The paper tackles the challenge of training a Multi-modal Large Language Model to accurately interpret input visual references, such as points, bounding boxes, free-form shapes, with respect to the image (referring) and ground the output text to relevant image regions (grounding). The authors propose a unified framework, called Ferret, for jointly solving the visual referring and grounding problem. They provide a new curated dataset (GRIT) that consists of existing and newly collected data for training, as well as a new benchmark (Ferret-Bench). In the evaluation section, the authors show that the proposed method either exceeds (on the Ferret-Bench and grounded captioning) or is on par with the concurrent SOTA methods such as Shikra. In addition, the proposed method can accept a variety of user input on images as part of referring expressions, including scribble and freeform shapes, in addition to the traditional points and bounding boxes. However, the way how these different visual reference types are processed is conceptually similar to the Visual Sampler proposed in SEEM (Zou et al., 2023), and performs similarly despite the added complexity.

优点

S1. This seems to be one of the first MLLMs to support a variety of visual reference types, such as point, box, scribble, polygons, and masks.

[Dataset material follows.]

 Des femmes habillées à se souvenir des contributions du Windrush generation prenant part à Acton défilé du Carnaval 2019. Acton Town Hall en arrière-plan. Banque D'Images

S2. The authors provide a curated dataset called GRIT that consists of existing datasets and newly collected data for training MLLMs with visual referring and grounding capabilities.

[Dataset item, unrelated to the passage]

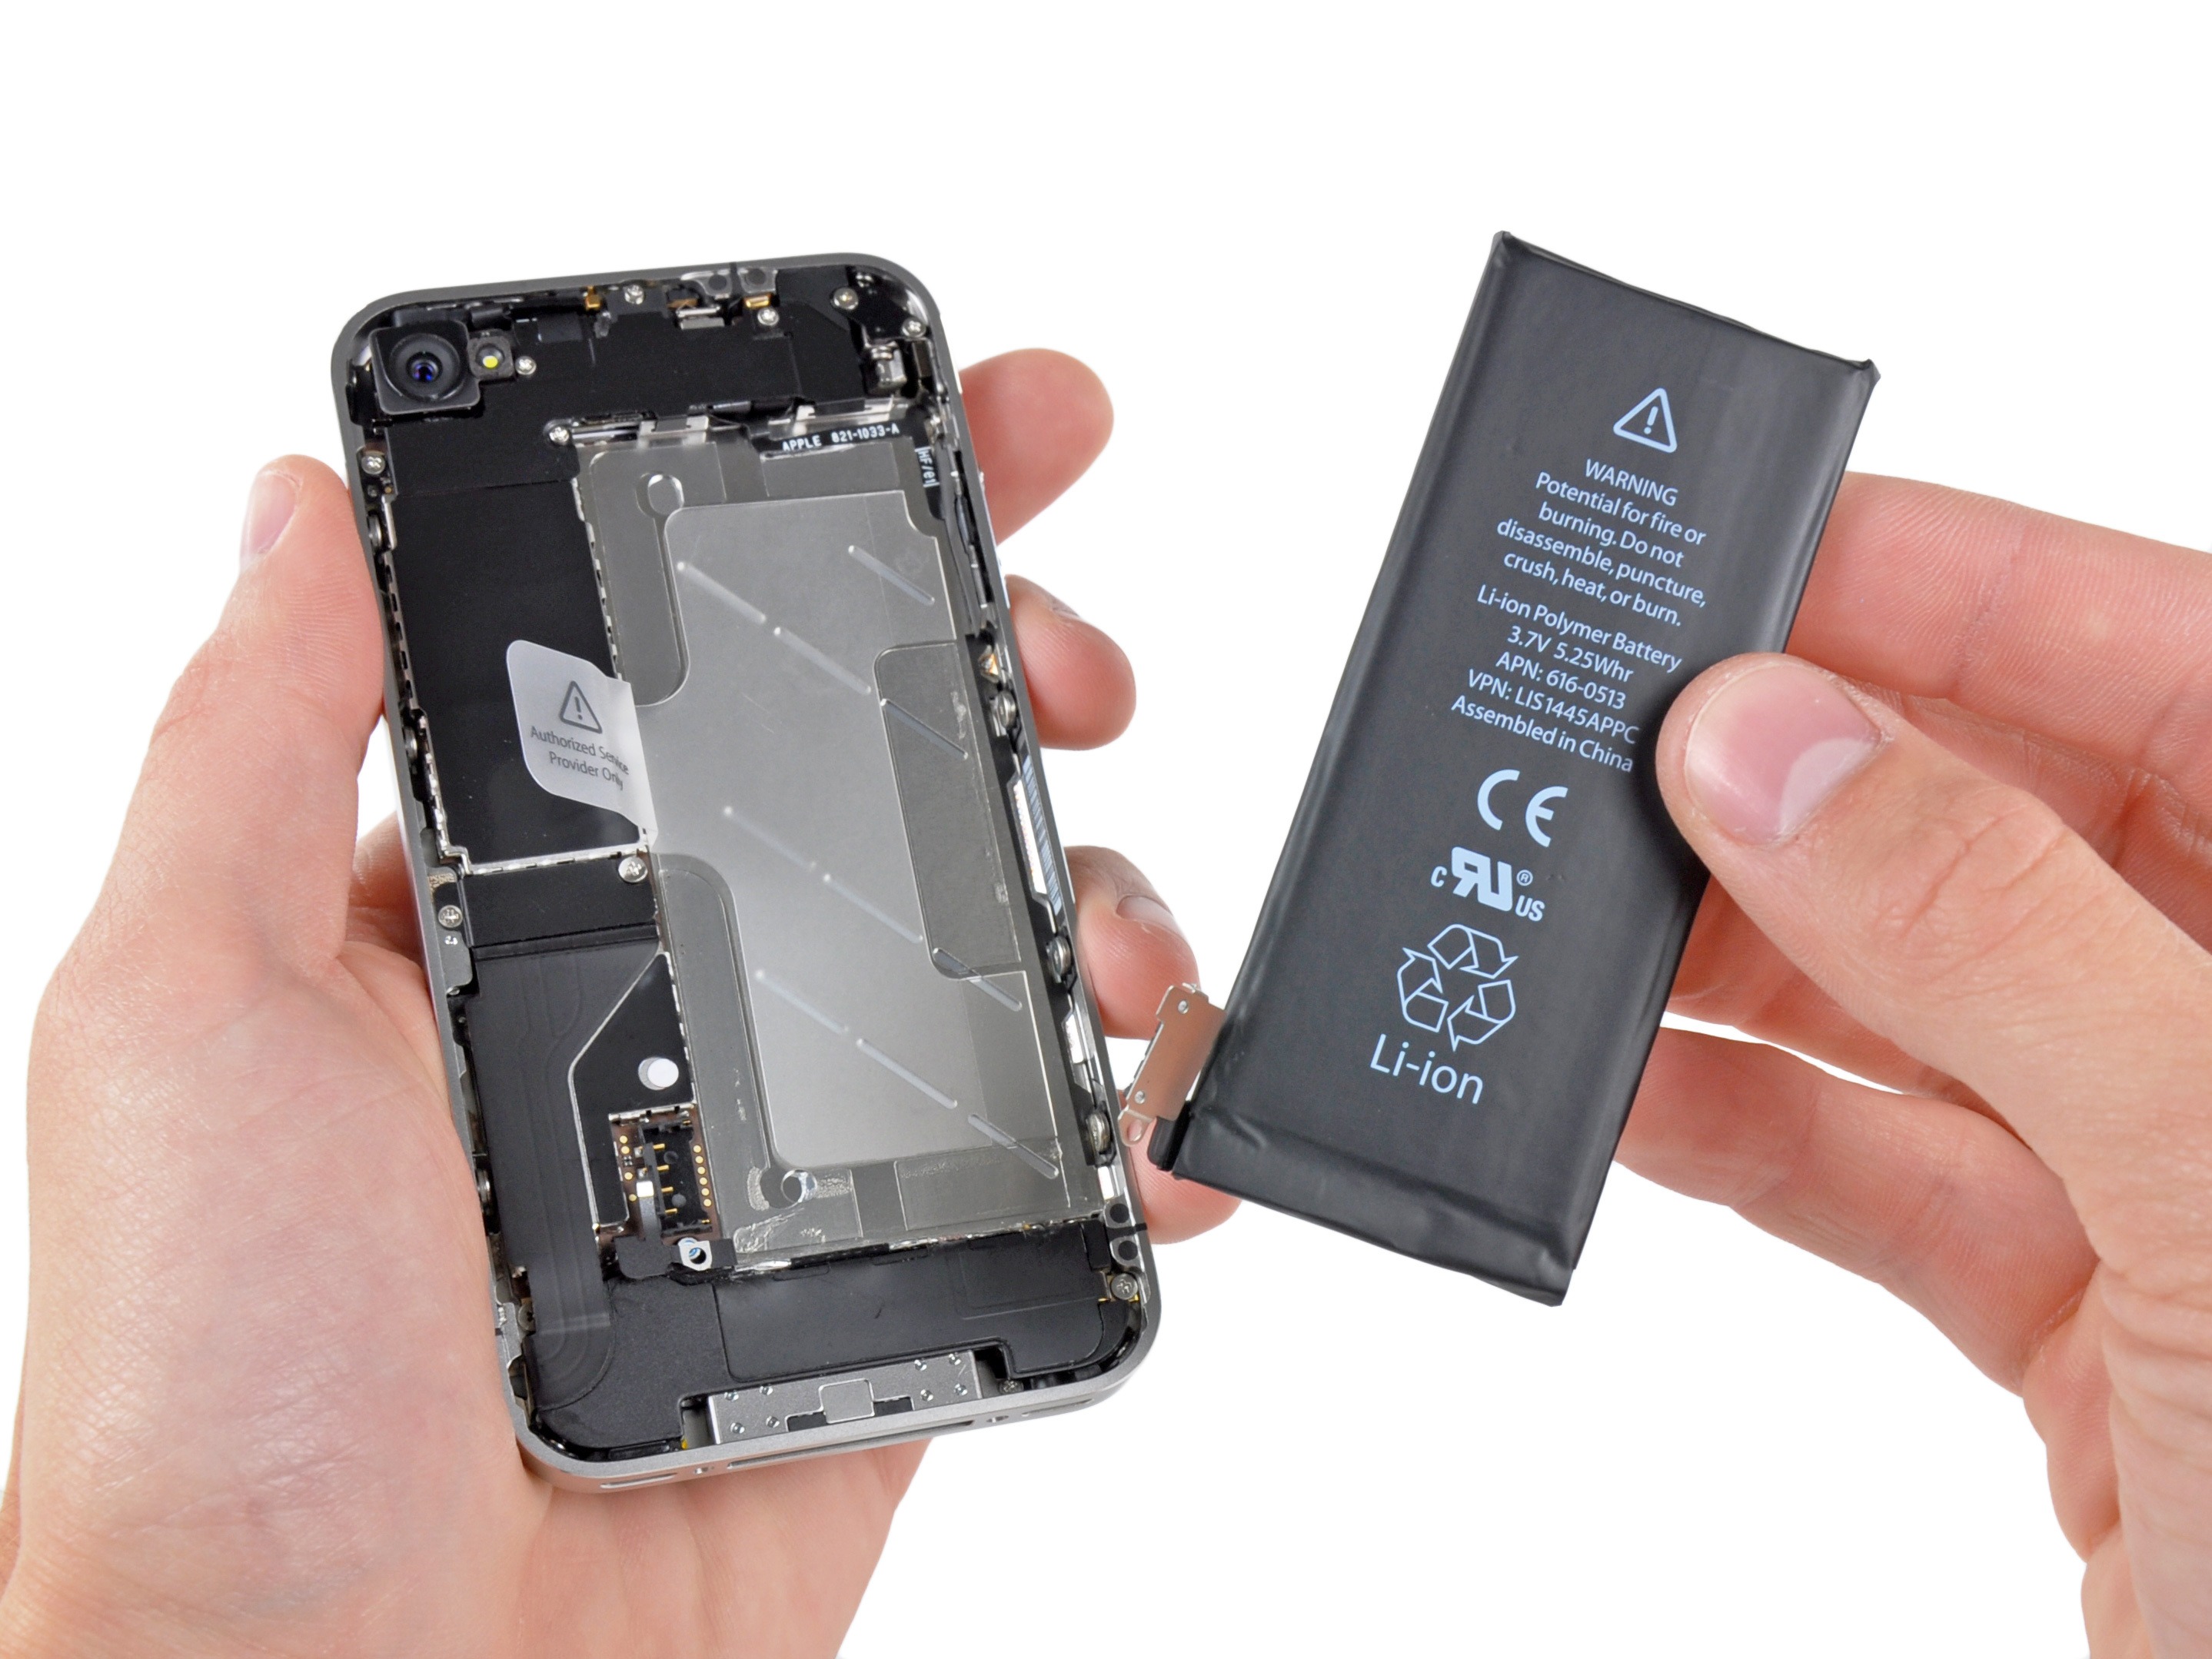 Cum inlocuiesc o baterie de iPhone 4?

S3. The authors provide a new benchmark, Ferret-Bench, which covers two new types of evaluation task for visual referencing (description and reasoning) in addition to the conversation grounding task. The key difference to existing benchmarks such as RefCOCO+, RefCOCOg, or PointQA [a] is that the questions include visual references (in forms of bounding boxes). For example, “What is the purpose of the object [x1 y1 x2 y2]?”

  • [a] Point and Ask: Incorporating Pointing into Visual Question Answering, Mani et al., 2022

S4. The paper provides comparison with the SOTA methods and the concurrent methods in the evaluation section.

缺点

W1. The paper omits any discussion on the limitations or potential failure scenarios of the proposed method.

W2. The significance of the proposed Spatial-Aware Visual Sampler is minimal. The idea of sampling the visual features over the grid is in the same spirit as the Visual Sampler in SEEM (Zou et al., 2023), although the details of how the points features are aggregated and pooled are different. Performance-wise, the Spatial-Aware Visual Sampler is shown to be only marginally better than the Visual Sampler in SEEM as shown in the ablation study section.

W3. While the idea of jointly solving referring (with explicit visual cues, such as markings on the image) and grounding in one unified framework makes sense as the two tasks are interrelated, this idea was also explored in concurrent works (Chen et al., 2023a) and (Peng et al., 2023).

问题

Q1. It appears that the proposed method significantly outperforms Shikra on Ferret-Bench, but not much on existing datasets. I wonder if the authors can explain why.

Q2. I think the quality of writing could be further improved. For example, it is not clear to me what the authors are trying to imply by “First of all, we choose MLLM as the bedrock of Ferret due to their powerful vision-language global understanding capability”. I am guessing that they wanted to say that the Ferret is built on top of existing MLLMs to leverage their powerful vision-language capability?

评论

W3. While the idea of jointly solving referring (with explicit visual cues, such as markings on the image) and grounding in one unified framework makes sense as the two tasks are interrelated, this idea was also explored in concurrent works (Chen et al., 2023a) and (Peng et al., 2023).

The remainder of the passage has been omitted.